Supported fields
Datapoints
Datapoints are the core element of katiML. Each datapoint describes a unique piece of data like an image, a video or a document. Below are the supported fields per data type.
"type": "IMAGE",
"metadata": {
"width": "INT",
"height": "INT",
"uri": "STRING", // a uri to the image (supported aws s3, gcp, azure)

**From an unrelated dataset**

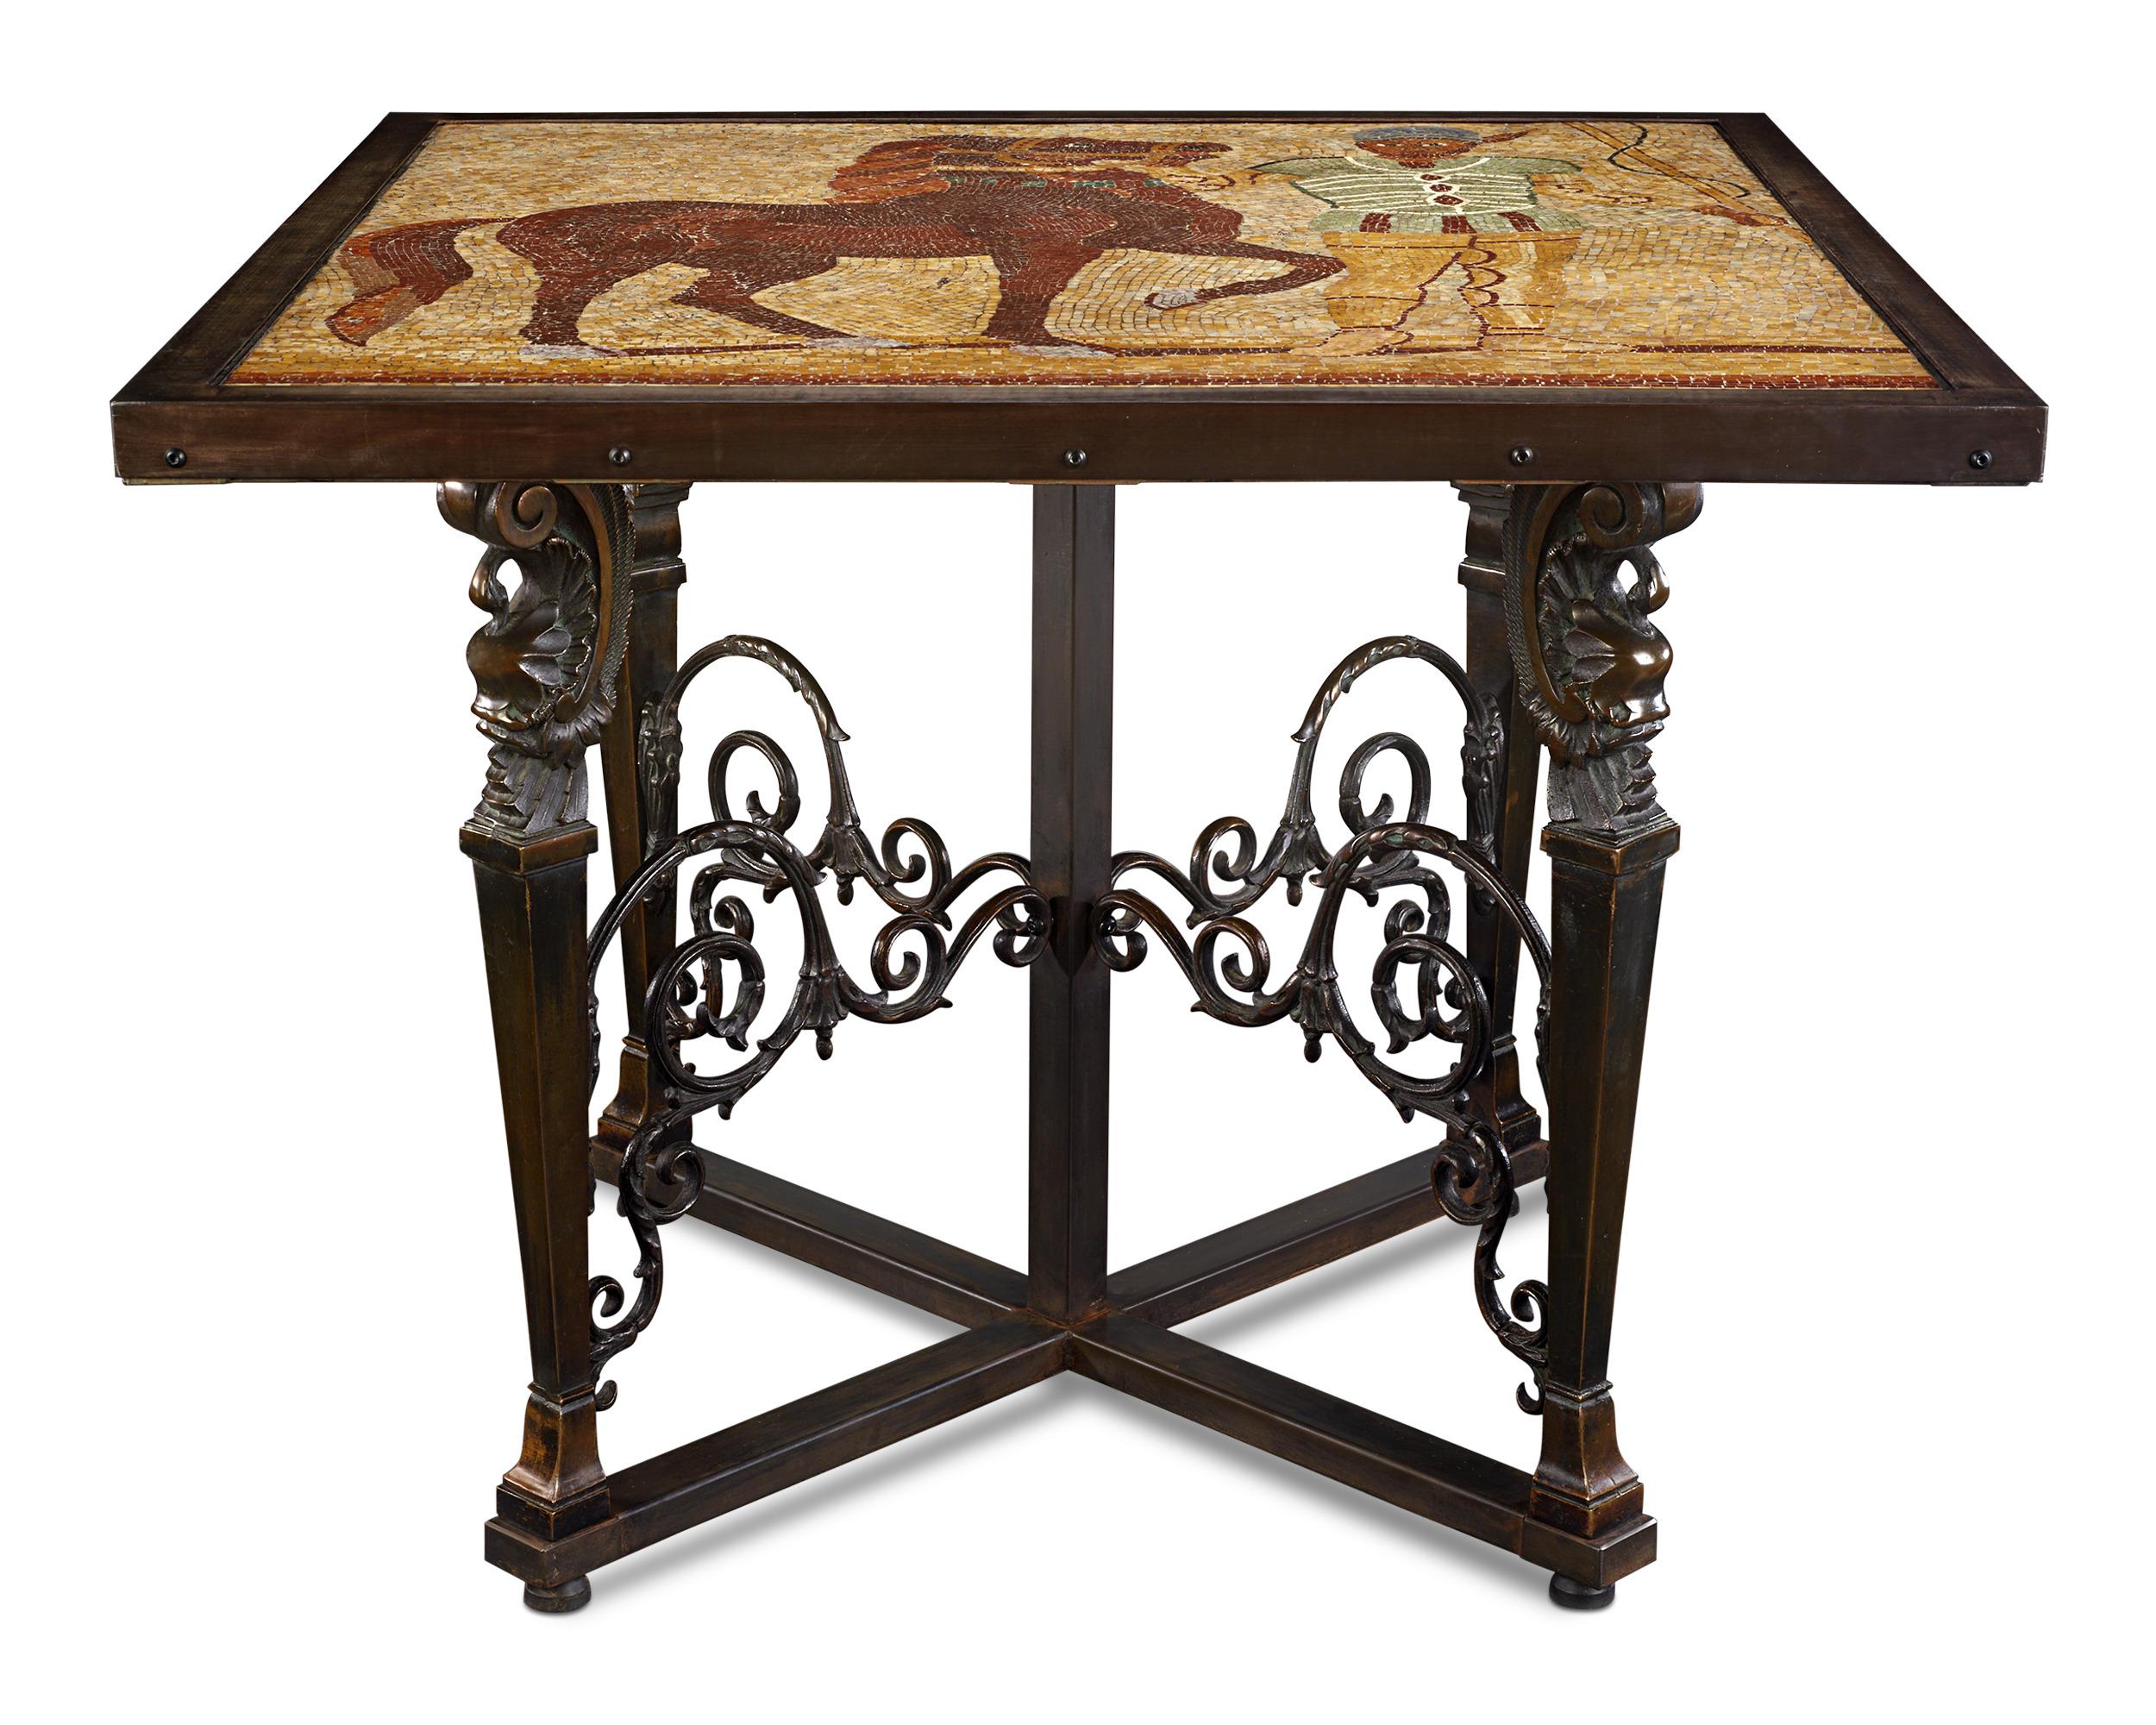 This Roman Empire mosaic table is an iconic example of Classical history, featuring a 3rd-century mosaic of a Roman Charioteer. More than mere entertainment, the four charioteer teams of the Roman Empire famously evoked passion, loyalty and fervor

"normalized_roi": { // crop of the image the model focuses on
"top": "INTEGER",
"left": "INTEGER",
"height": "INTEGER",
"width": "INTEGER",
"STRING": "STRING" // any key value pair you'd like
},
"brightness": "FLOAT",
"sharpness": "FLOAT",
"contrast": "FLOAT"
}
On top of this, generic fields can be passed like tags, timestamp or GPS coordinates
{
"gps_coordinates": {
"lat": "FLOAT",
"long": "FLOAT"
},
"timestamp": "TIMESTAMP", // default: ingestion time
"tags": {
"STRING": "STRING" // key-value pairs for arbitrary metadata
}
}
Ground Truths
In katiML, ground truths are attached to datapoints. Their format depends on task type.
"groundtruths": [{
"task_type": "CLASSIFICATION",
"class_name": "STRING"
}]
Predictions
In katiML, predictions are attached to datapoints. Their format depends on task type.
"predictions": [{
"task_type": "CLASSIFICATION",
"model_name": "STRING" // name of the model
"logits": ["FLOAT"] // 1d or 2d array of logits with matching indexes to the class_names. If 2d then this is mc dropout
"class_names": ["STRING"] // Array of class names
"embeddings": {
"STRING": ["FLOAT"] // key value pair: key is the layer name and value is a 1d, 2d or 3d array with the embeddings values format: 3d format CxHxW
},
"metrics": {
"STRING": "FLOAT",
...
}
}]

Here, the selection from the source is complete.